* _Excerpted records_
=== Section Start ===
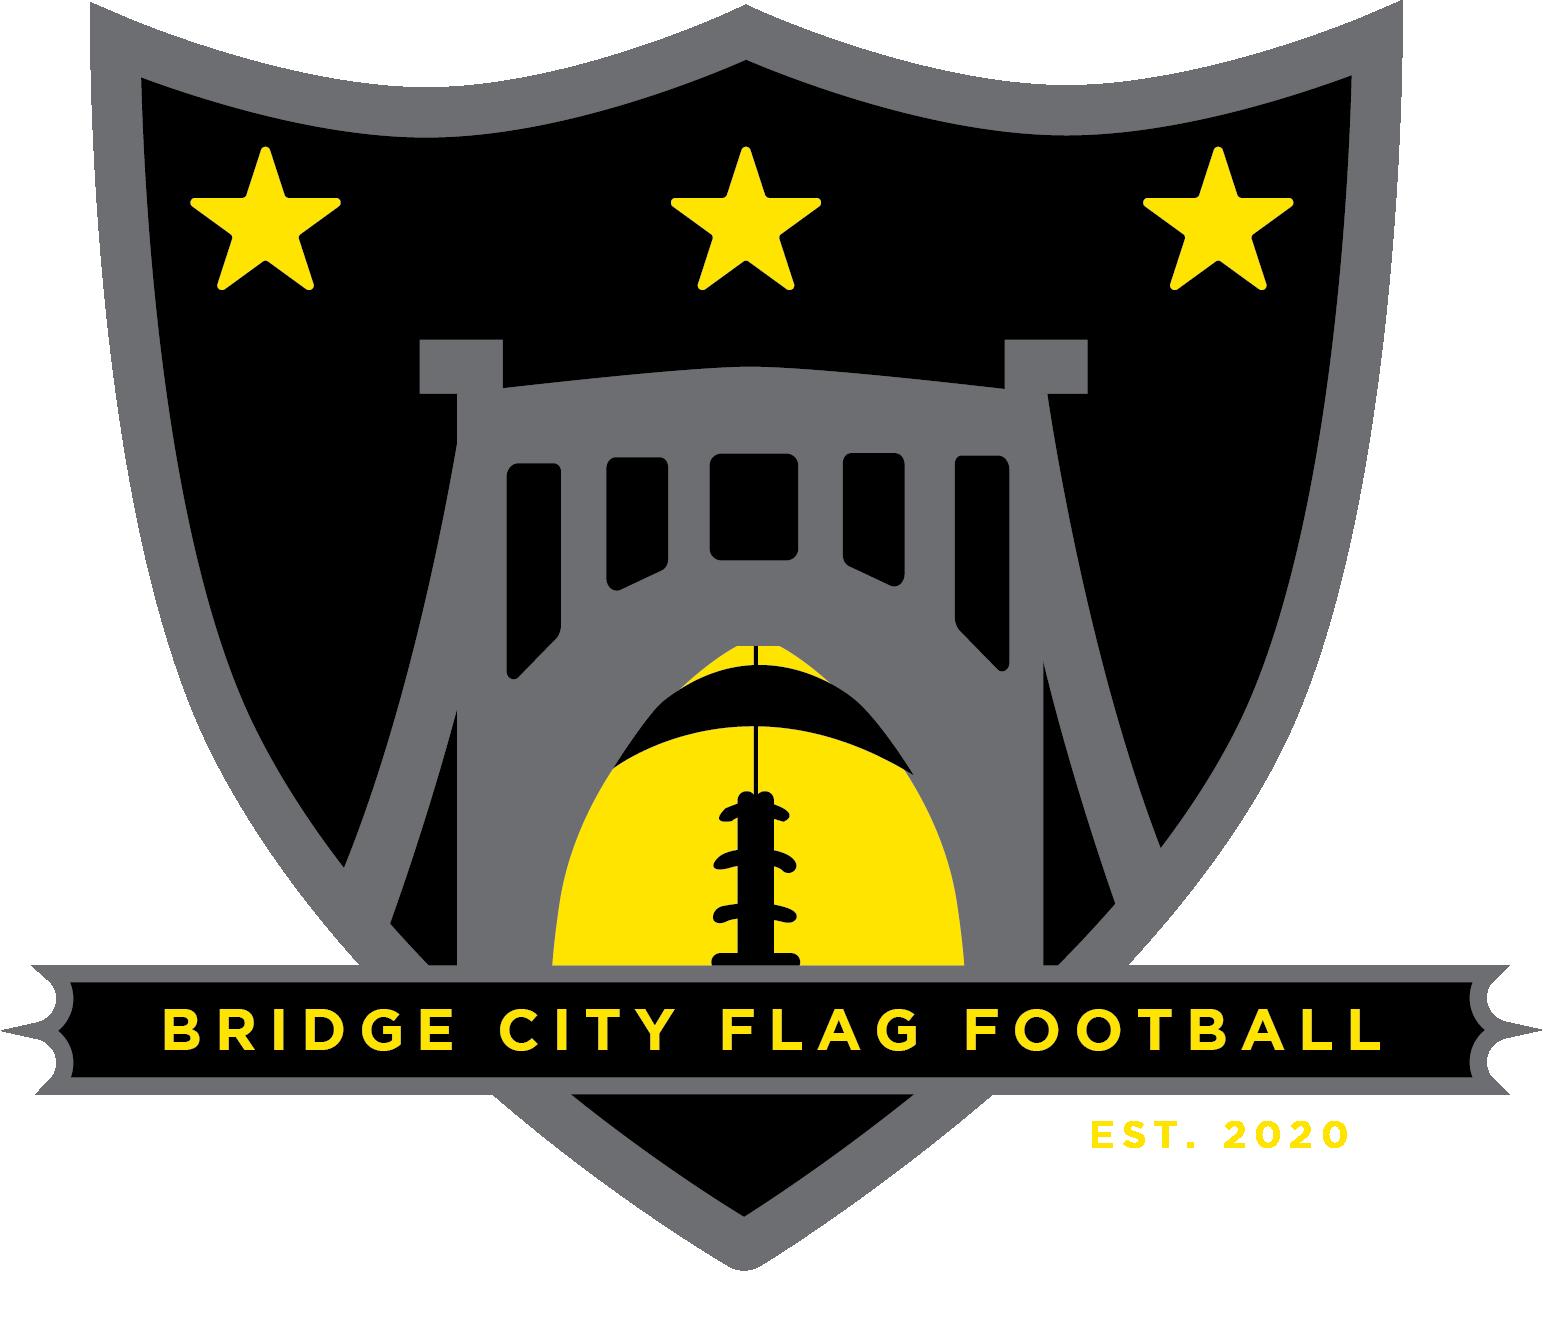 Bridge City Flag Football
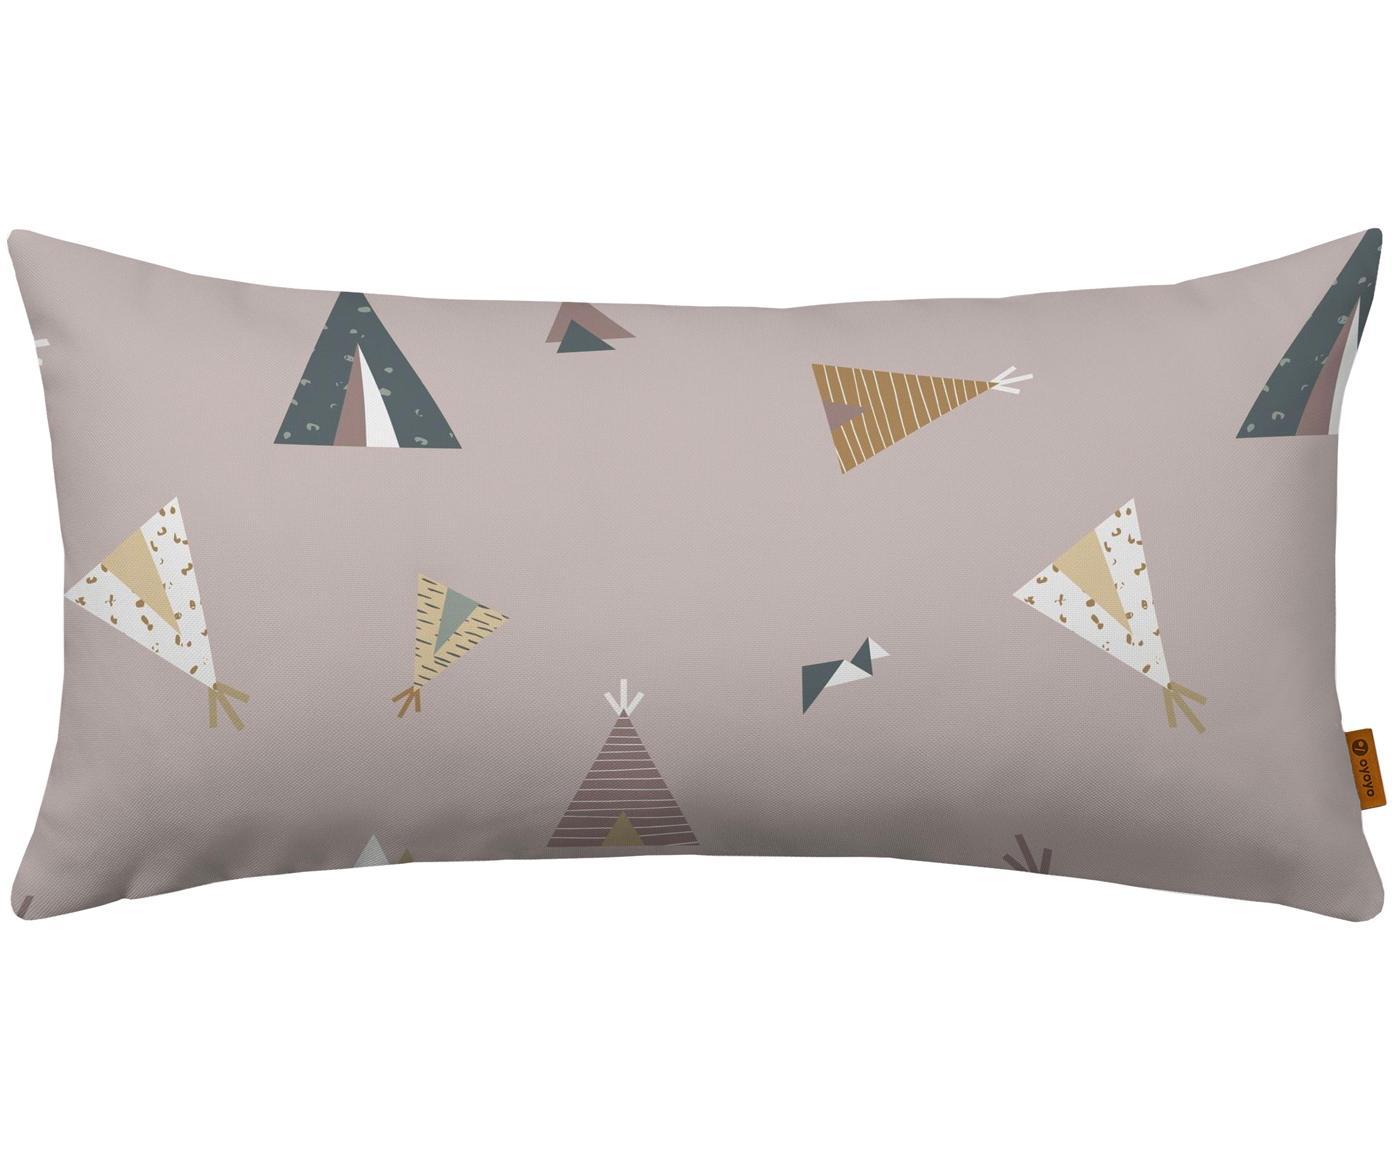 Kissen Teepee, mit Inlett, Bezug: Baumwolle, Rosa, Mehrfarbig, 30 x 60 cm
=== Section End ===
=== Section Start ===
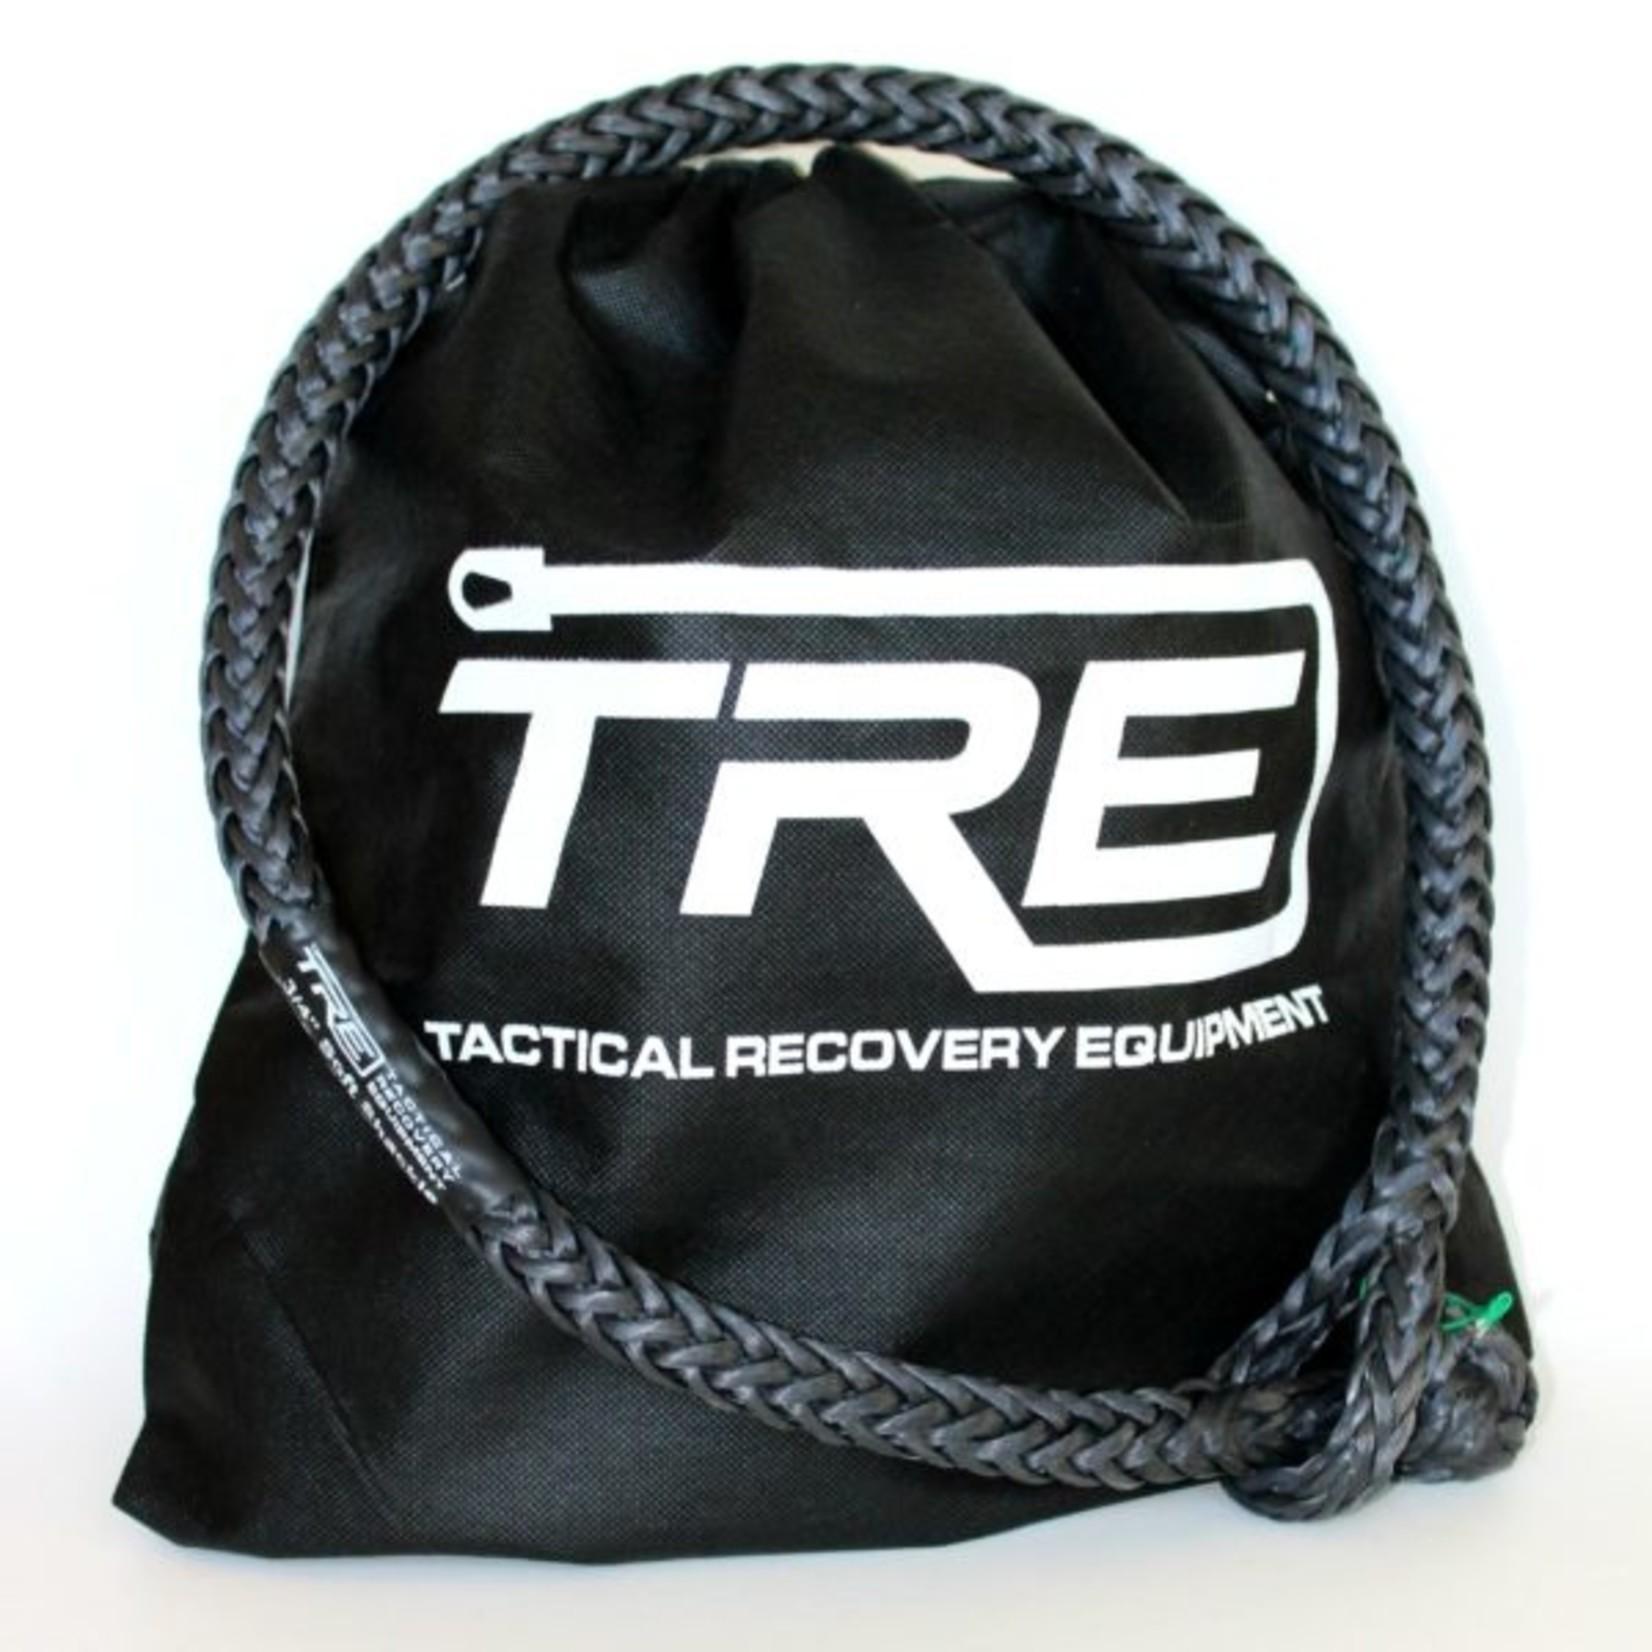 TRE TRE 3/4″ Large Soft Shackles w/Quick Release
=== Section End ===
* _Task requirements_
Above are some records. Output exactly the lines from the one that contains "Bridge City Flag Football" to the one that contains "Kissen Teepee, mit", keeping both, and omit the pictures.

* _Written response_
 Bridge City Flag Football
 Kissen Teepee, mit Inlett, Bezug: Baumwolle, Rosa, Mehrfarbig, 30 x 60 cm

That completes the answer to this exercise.